Minister for Home and Cultural Affairs
- In office 7 November 2018 – 6 May 2021
- Prime Minister: Lotay Tshering
- Preceded by: Dawa Gyeltshen

Member of the National Assembly of Bhutan
- In office 31 October 2018 – 6 May 2021
- Preceded by: Jigme Zangpo
- Succeeded by: Karma Lhamo
- Constituency: Monggar

Vice President of Druk Nyamrup Tshogpa
- In office 14 May 2018 – May 2021

Personal details
- Born: c. 1955
- Party: Druk Nyamrup Tshogpa
- Alma mater: University of Punjab, India (BA in Political Science and Public Administration)

= Sherub Gyeltshen =

Bhutanese politician

Dasho Sherub Gyeltshen (དྲག་ཤོས་ཤེས་རབ་རྒྱལ་མཚན།; born c. 1955) is a Bhutanese politician who served as the Minister for Home and Cultural Affairs from November 2018 to 6 May 2021 when he resigned. He was a member of the National Assembly of Bhutan from October 2018 to 6 May 2021.

==Career==
Gyeltshen worked with the Ministry of Home and Cultural Affairs for 11 years. On 24 April 1991, he was appointed as Dzongdag for Lhuntse District and also served as the Dzongdag for Samtse District and Thimphu District. He has also served as justice of High Court of Bhutan and also served as a Secretary of Dzongkha Development Commission.

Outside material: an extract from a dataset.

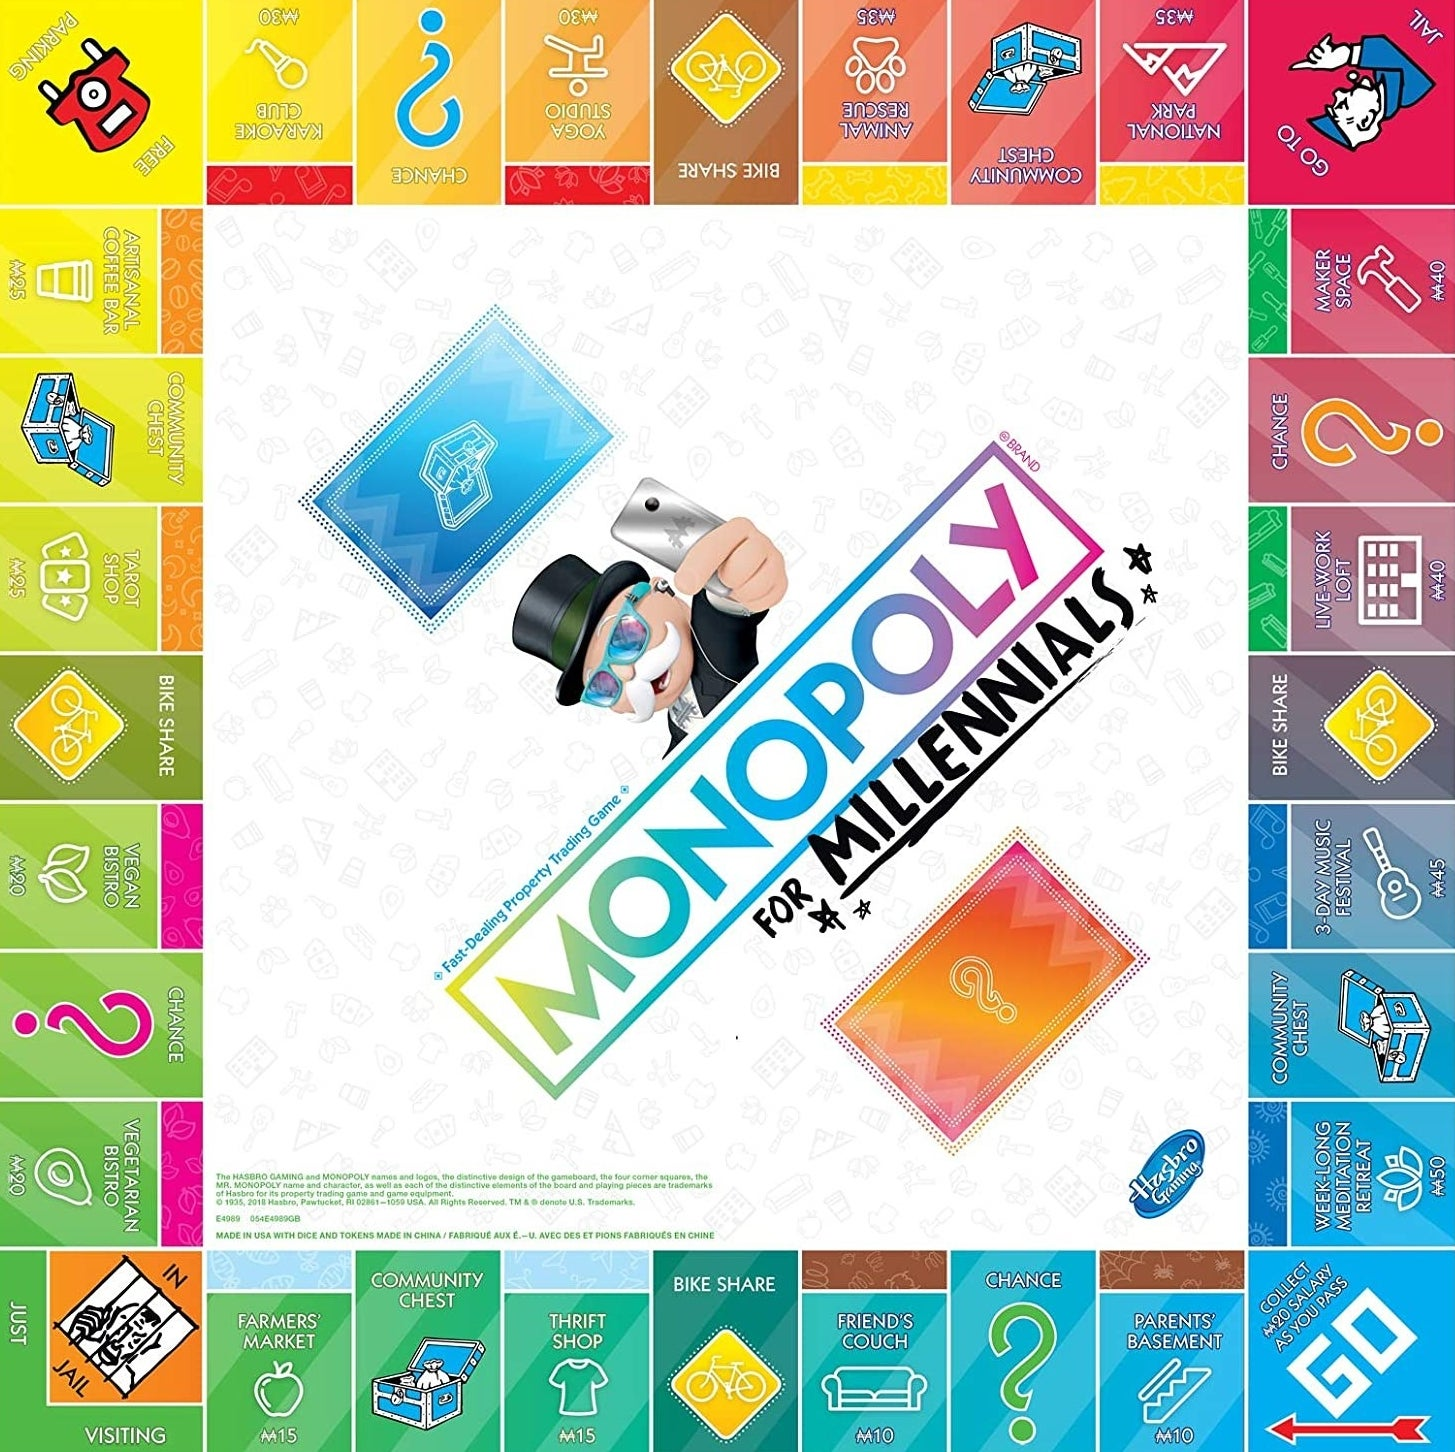 The Millenial Monopoly board
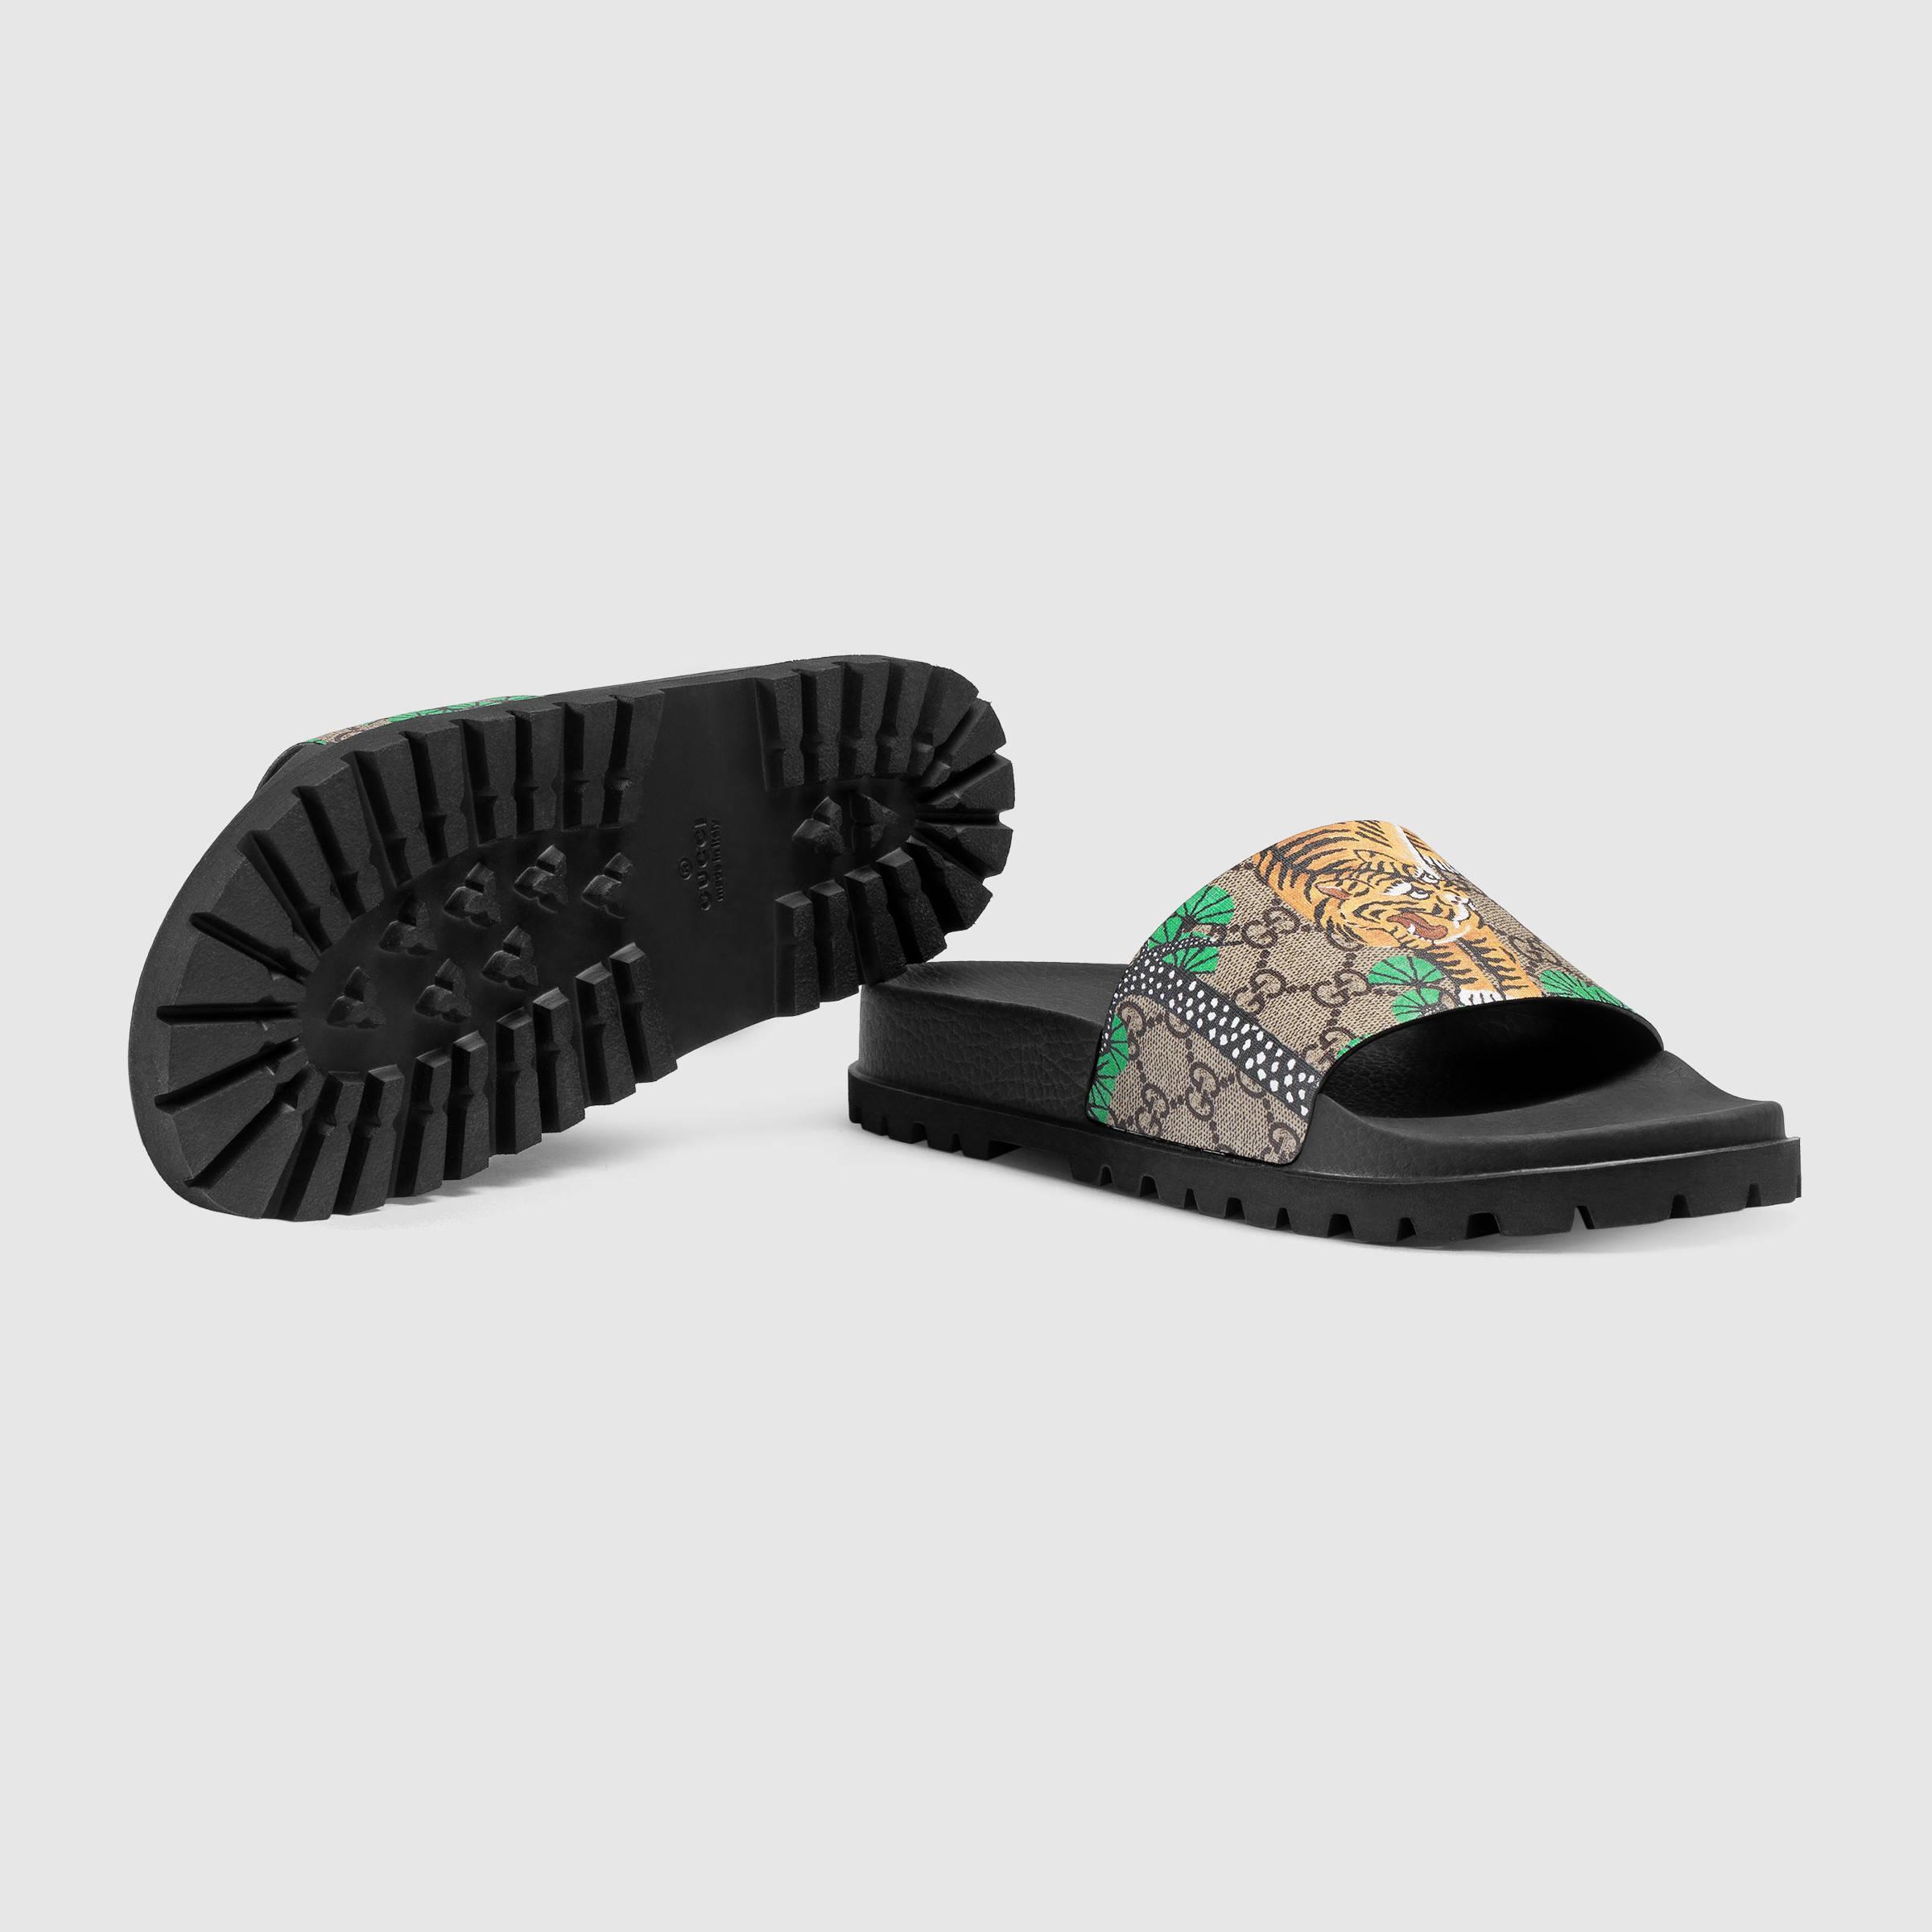 39dc8a7076bd0f Lyst - Gucci Bengal Slide Sandal

On 14 May 2018, Gyeltshen received 1,086 votes and was elected as the vice president of the Druk Nyamrup Tshogpa (DNT) just five months before the Third National Assembly Election.

He was elected to the National Assembly of Bhutan in the 2018 elections for the Monggar constituency. He received 3,763 votes and defeated Karma Lhamo, a candidate of DPT.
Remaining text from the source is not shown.